Я села смотреть телевизор у себя в комнате и даже начала подумывать о том, чтобы отправить Сэму имейл, однако в душе прочно засела обида, отрезавшая пути к примирению, да и вообще, то, что мне хотелось ему сказать, явно не улучшило бы ситуацию. Тогда я взяла с книжной полки мистера Гупника роман Джона Апдайка, но речь шла о сложностях современных отношений, и все там, казалось, или были несчастны, или безумно вожделели кого-то другого, так что в конце концов я просто выключила свет и уснула.

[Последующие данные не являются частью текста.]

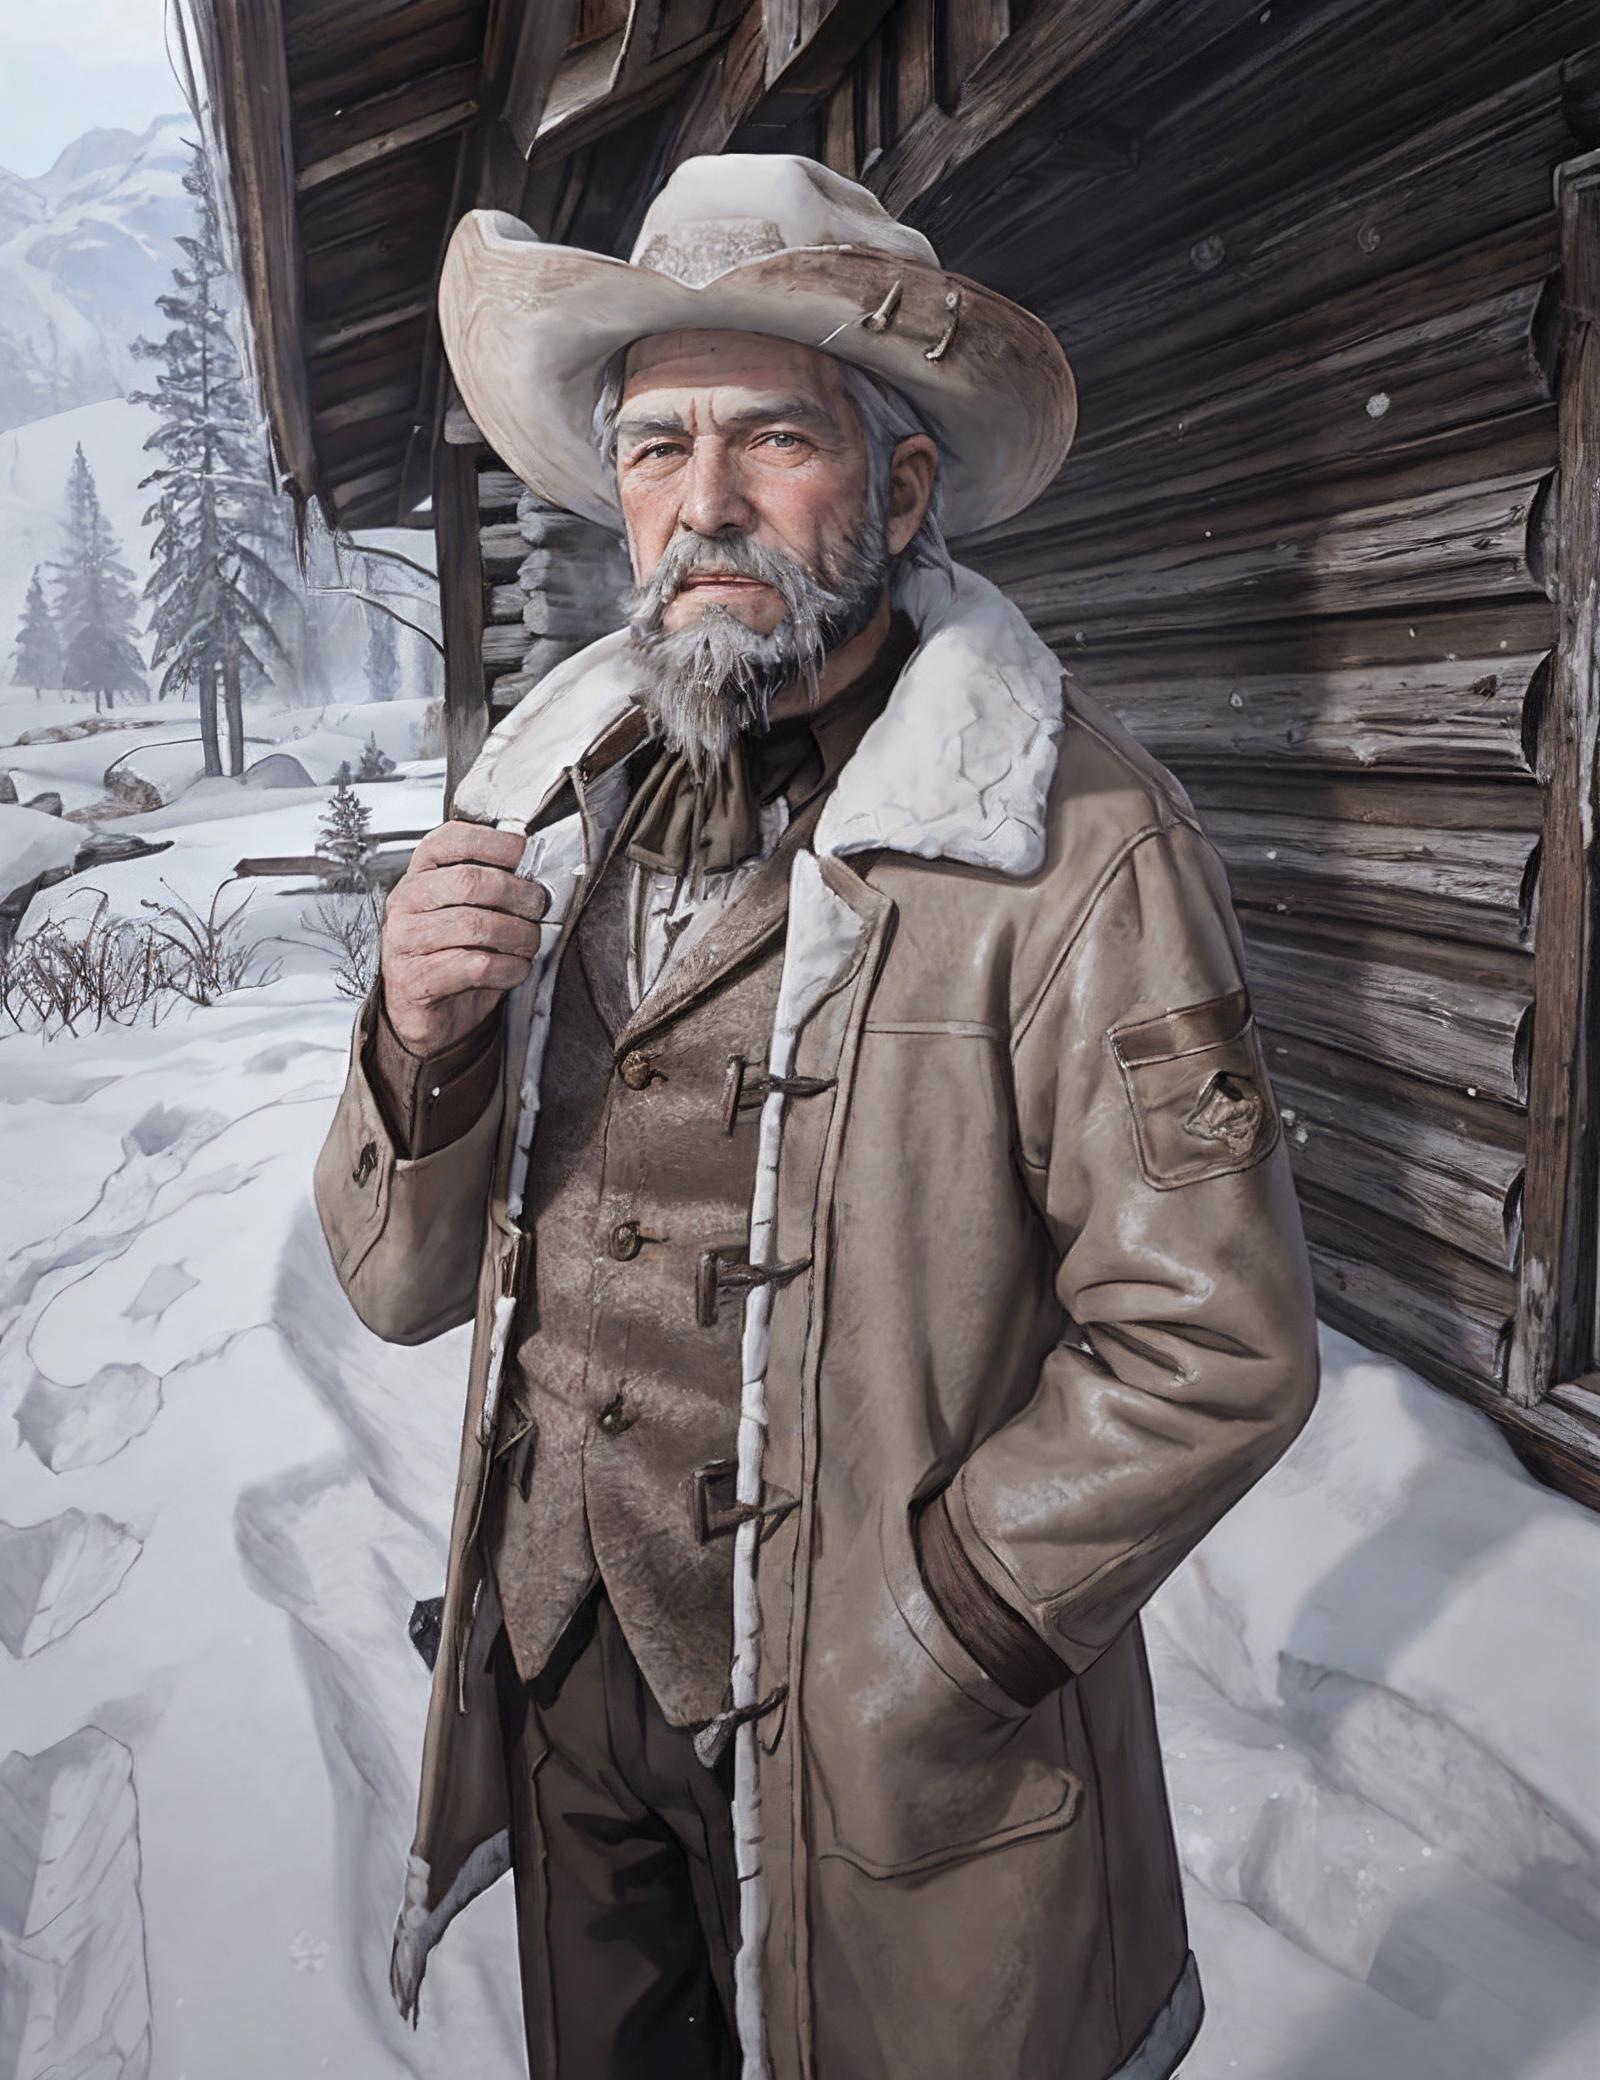 Red Dead: Colter image by Cavendish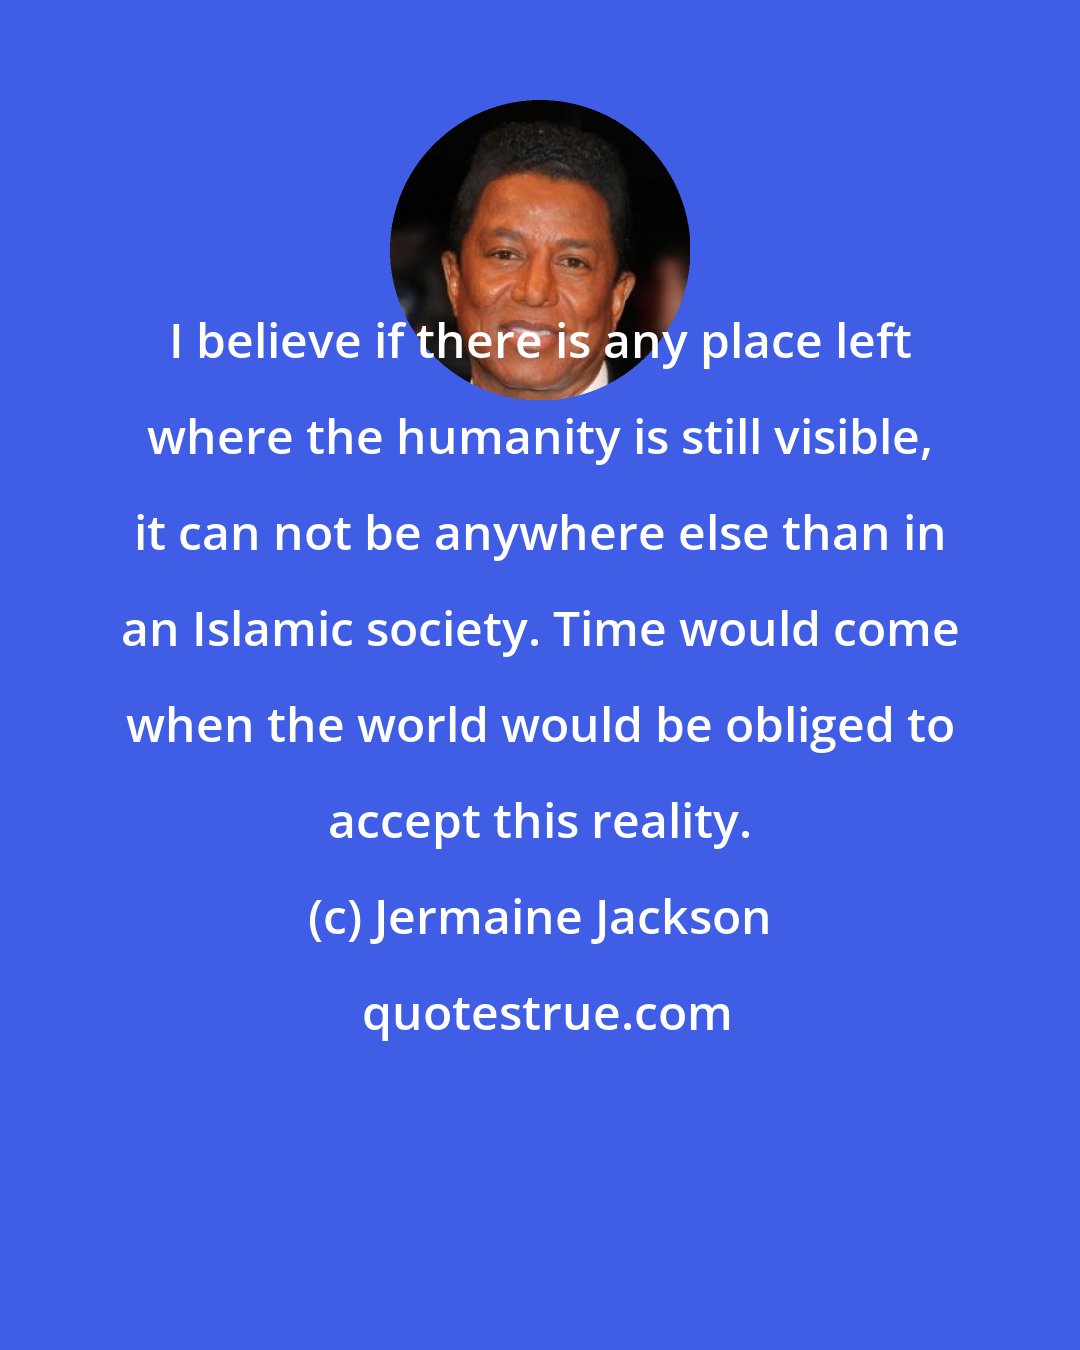 Jermaine Jackson: I believe if there is any place left where the humanity is still visible, it can not be anywhere else than in an Islamic society. Time would come when the world would be obliged to accept this reality.

Спустившись вниз на следующее утро, я застала в вестибюле Мину. Без детей, но в компании Ашока, искавшего что-то под стойкой. Я даже слегка оторопела, увидев Ашока в непривычно цивильной одежде. И внезапно поняла, что богатым гораздо проще иметь дело не с личностями, а с людьми в униформе, о которых они ничего не знают и знать не хотят.
— Привет, мисс Луиза, — сказал Ашок. — Представляете, забыл шляпу. Так что пришлось по пути в библиотеку заскочить сюда.
— Ты о той библиотеке, что собираются закрыть?
— Ага. Хотите пойти с нами?
— Луиза, присоединяйся. Поможешь спасти нашу библиотеку! — Мина хлопнула меня по спине рукой в варежке. — Нам любая помощь пригодится!
Я собиралась пойти в кофейню, но других дел у меня, собственно, не было, да и вообще, мне предстояло пережить долгое унылое воскресенье, и я в конце концов согласилась. Они вручили мне плакат, где было написано: «БИБЛИОТЕКА — ЭТО БОЛЬШЕ, ЧЕМ КНИГИ», и проверили, что я не забыла надеть шапку и перчатки.
— Ладно, на час-два тебя хватит, но после этого ты реально окоченеешь, — сказала Мина, когда мы вышли из дому.
Мина была, как сказал бы мой папа, бабой с яйцами, да к тому же пышной, сексуальной женщиной с копной волос и острым языком, которая умела заткнуть мужа за пояс и постоянно прикалывалась по поводу его прически, умения обращаться с детьми и сексуальных способностей. Она раскатисто смеялась во все горло и могла за себя постоять. Ашок ее обожал. Они так часто называли друг друга «детка», что у меня невольно возник вопрос, а не забыли ли они, случайно, имена друг друга.
Мы поехали на метро до Вашингтон-Хайтса, и по дороге Ашок рассказал, что согласился на эту работу в качестве временной меры, так как Мина была беременна первым ребенком, а когда дети подросли, начал подыскивать себе работу с нормальным графиком, чтобы иметь возможность помогать жене. («Но здесь хорошая медицинская страховка, поэтому жаль было увольняться».) Они познакомились в колледже, и я вынуждена была, к своему стыду, признаться, что полагала, будто их сосватали родители.
Услышав мое признание, Мина от души рассмеялась. Девочка, неужели ты думаешь, что я не нашла бы способ заставить родителей найти мне более подходящую партию?!
Ашок: Детка, прошлой ночью ты говорила совсем другое.
Мина: Потому что я слишком увлеклась телевизором.
Когда мы наконец вышли из метро на Сто шестьдесят третью улицу, я оказалась совершенно в другом Нью-Йорке.